RECORDS SHOWN:

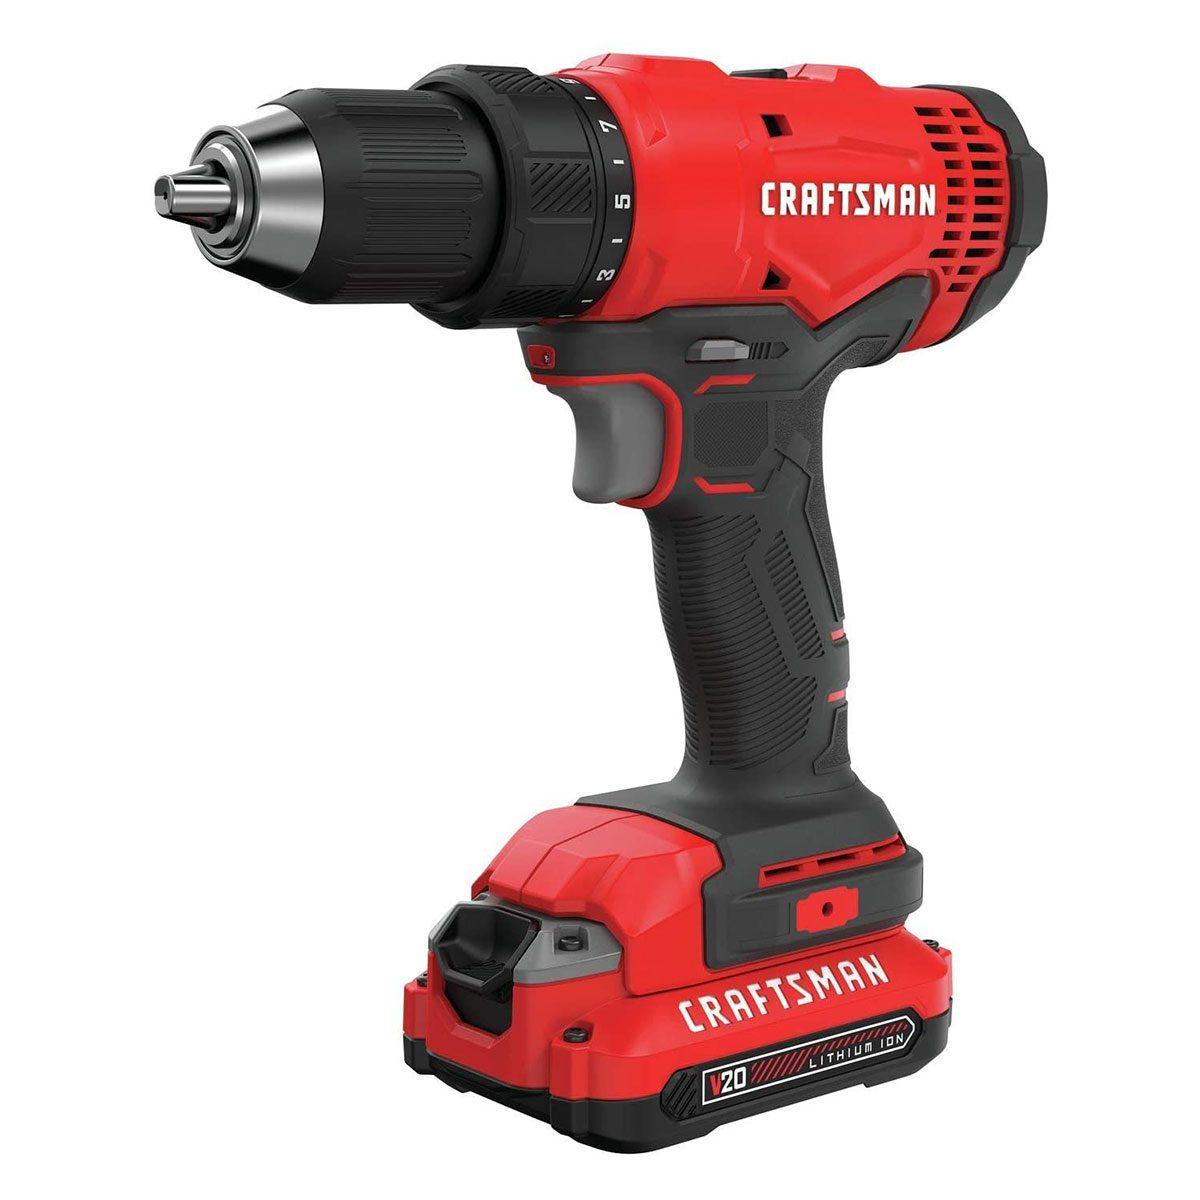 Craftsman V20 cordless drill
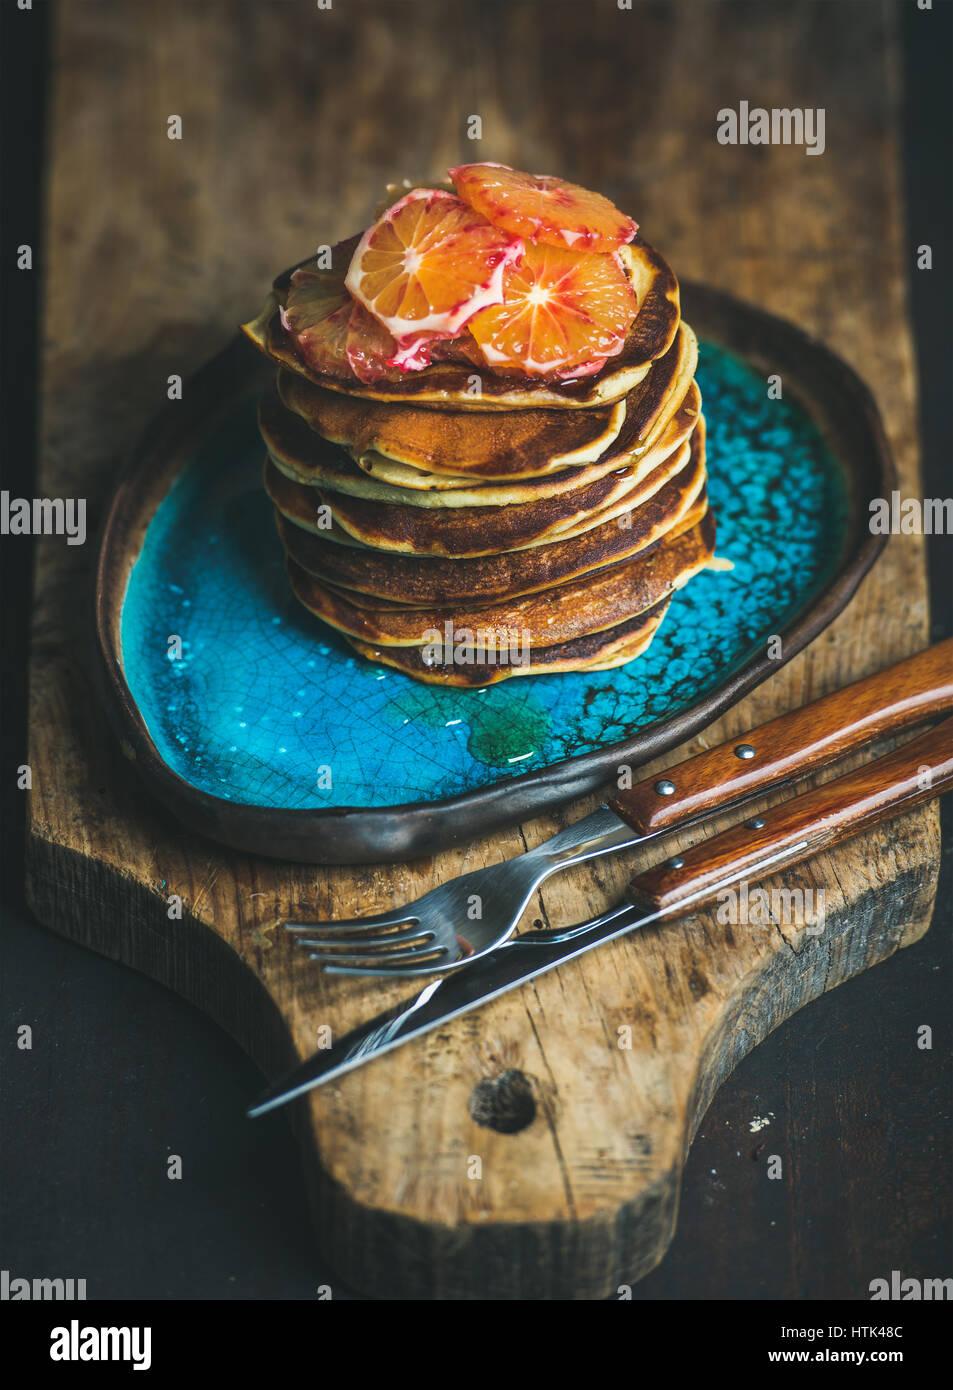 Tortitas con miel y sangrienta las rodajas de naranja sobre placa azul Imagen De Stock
---
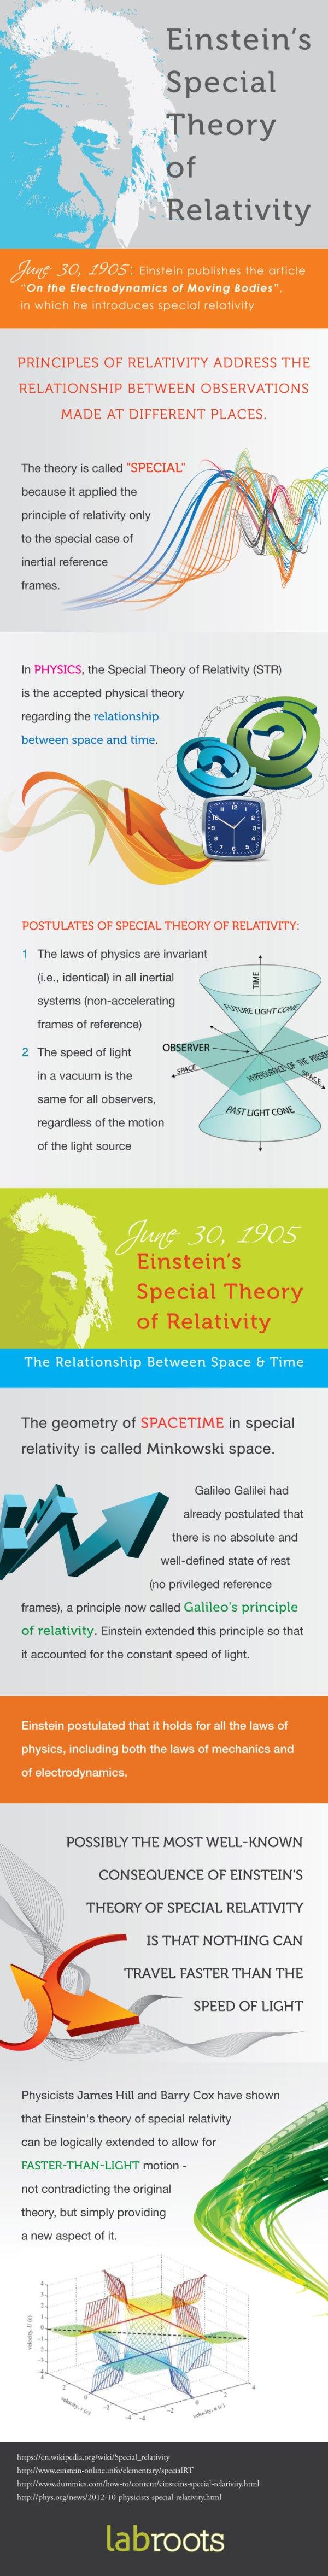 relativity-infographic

WHAT YOU SHOULD DO: In the listing above, find the line with "Craftsman V20 cordless drill" and the line with "Tortitas con miel". Copy both of them and every line between, exactly, but not the pictures.

ANSWER TO THE PROBLEM:
 Craftsman V20 cordless drill
 Tortitas con miel y sangrienta las rodajas de naranja sobre placa azul Imagen De Stock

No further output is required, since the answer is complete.